Apple Inc. Cutting Down it's Production of Airpods and Iphones may Significantly Affect its Revenue this Year
As a big member of the FAANG stock and a remarkable earner in the S&P 500, I worry about the fate of Apple (NASDAQ: AAPL) in the coming period. It's no news that Apple is set to reduce the production of some of its revenue-generating products. This is not too good for investors. Earlier, in 2021, the market was shocked that Apple would cut iPhone production by 10 million units to 90 million. That was at the height of supply constraints that hit the tech industry. This year, there will also be further cuts.

This morning, the Nikkei Newspaper reported that due to the Ukraine crisis that would cause a demand slowdown, rising inflation, and the numerous lockdowns in China, Apple would lower iPhone production and the output of AirPods. Nikkei Newspaper said they got the news from reliable sources.
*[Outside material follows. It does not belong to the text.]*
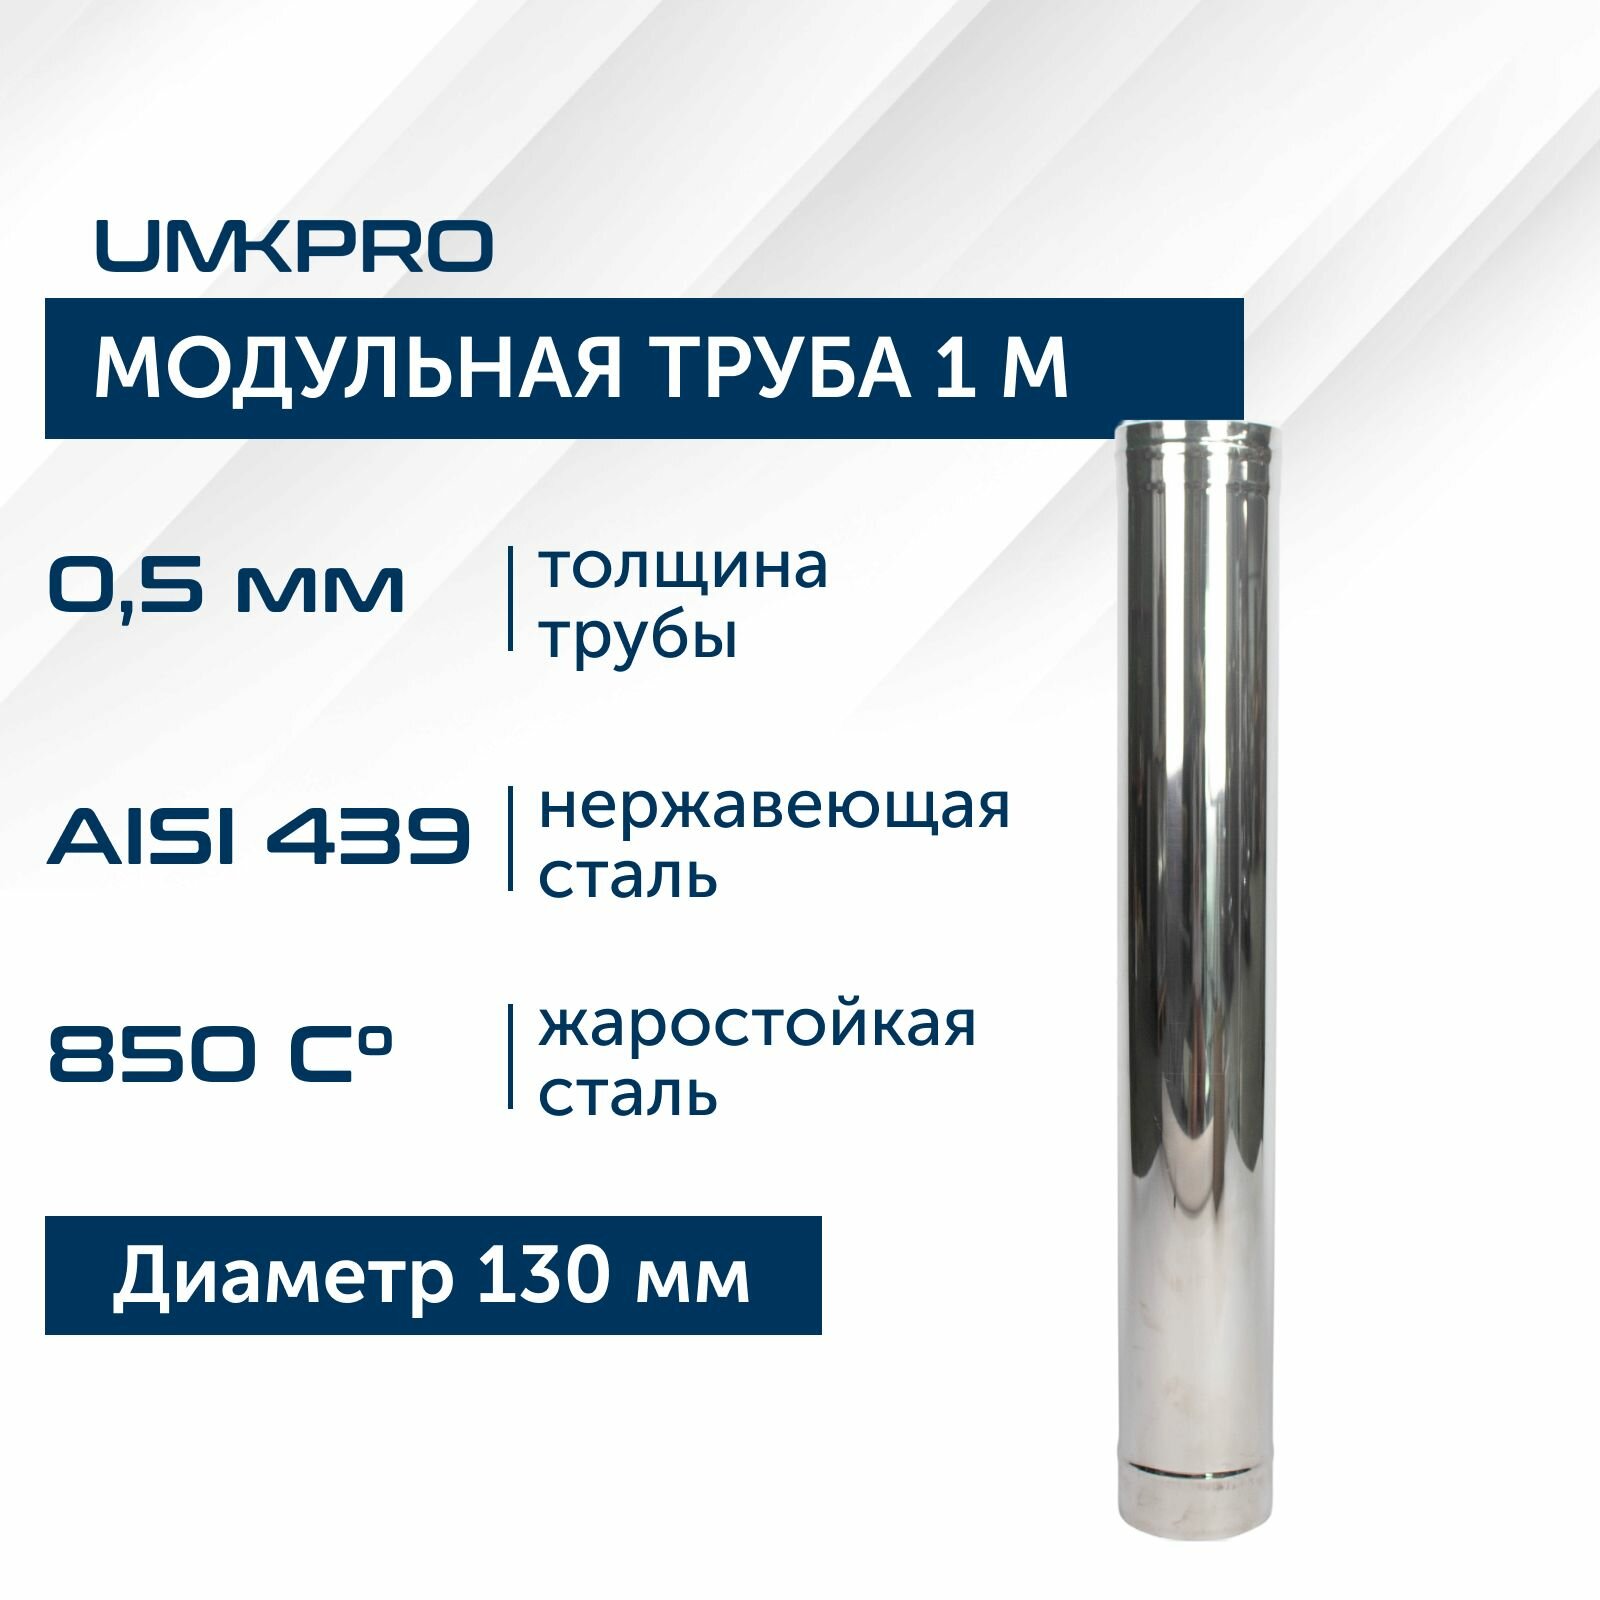 Труба модульная для дымохода 1 м UMKPRO, D 130, AISI 439/0,5мм

Apple Inc (NASDAQ: AAPL) is one of the largest chip buyers globally, and it sets the pace for the electronics supply chain. But that strong buying power from Apple is not enough to prevent the supply constraints from the Ukraine war and covid-19 lockdowns in China from affecting its production. Although, Apple has been faced with supply challenges in the past, especially during the pandemic. I find it hard to believe it would repeat that success this time around.

But why should investors be worried? The answer is simple. These cuts would mean that the company would produce less than 2 to 3 million iPhone SEs, which translates to a 20% reduction in output for the next quarter. The original plan was to make about 15 million units of iPhone SEs for the next quarter. The report also said that AirPod production for 2022 orders would reduce by about 10 million units. Looking at the past years' revenue generated from the iPhone SE and Airpods sales, you will understand my major fear. In 2021, Apple raked in more than $12 billion in sales from the Airpod alone. This was more revenue than what some other Tech giants like Twitter (NYSE: TWTR) and Spotify (NYSE: SPOT) had in revenue.

At the time of writing this article, Apple Inc. (NASDAQ: AAPL) has not responded to the news. That has been Apple’s stance whenever the press releases reports of production cuts. As a result, its shares have been down by 2% in premarket trading.

On a lighter note, however, many analysts estimated that Apple's smartphone manufacturing would reach 243 million units this year despite the chip shortages that started during the pandemic. I would be happy if this consensus was reached. That would represent a year-over-year increase of 54 per cent. But to be fair, looking at the circumstances surrounding the global market at this time, for example, the Ukraine crisis and recent lockdowns in China. I do not see Apple doing much with those numbers. It is logical to believe that these two forces would affect smartphone production and demand globally. Also particularly poignant is that a surge in inflation is going around the world. This would add to the woes of smartphone manufacturers in general by affecting the demand for their products while costs keep increasing this year, of which Apple is a major leader.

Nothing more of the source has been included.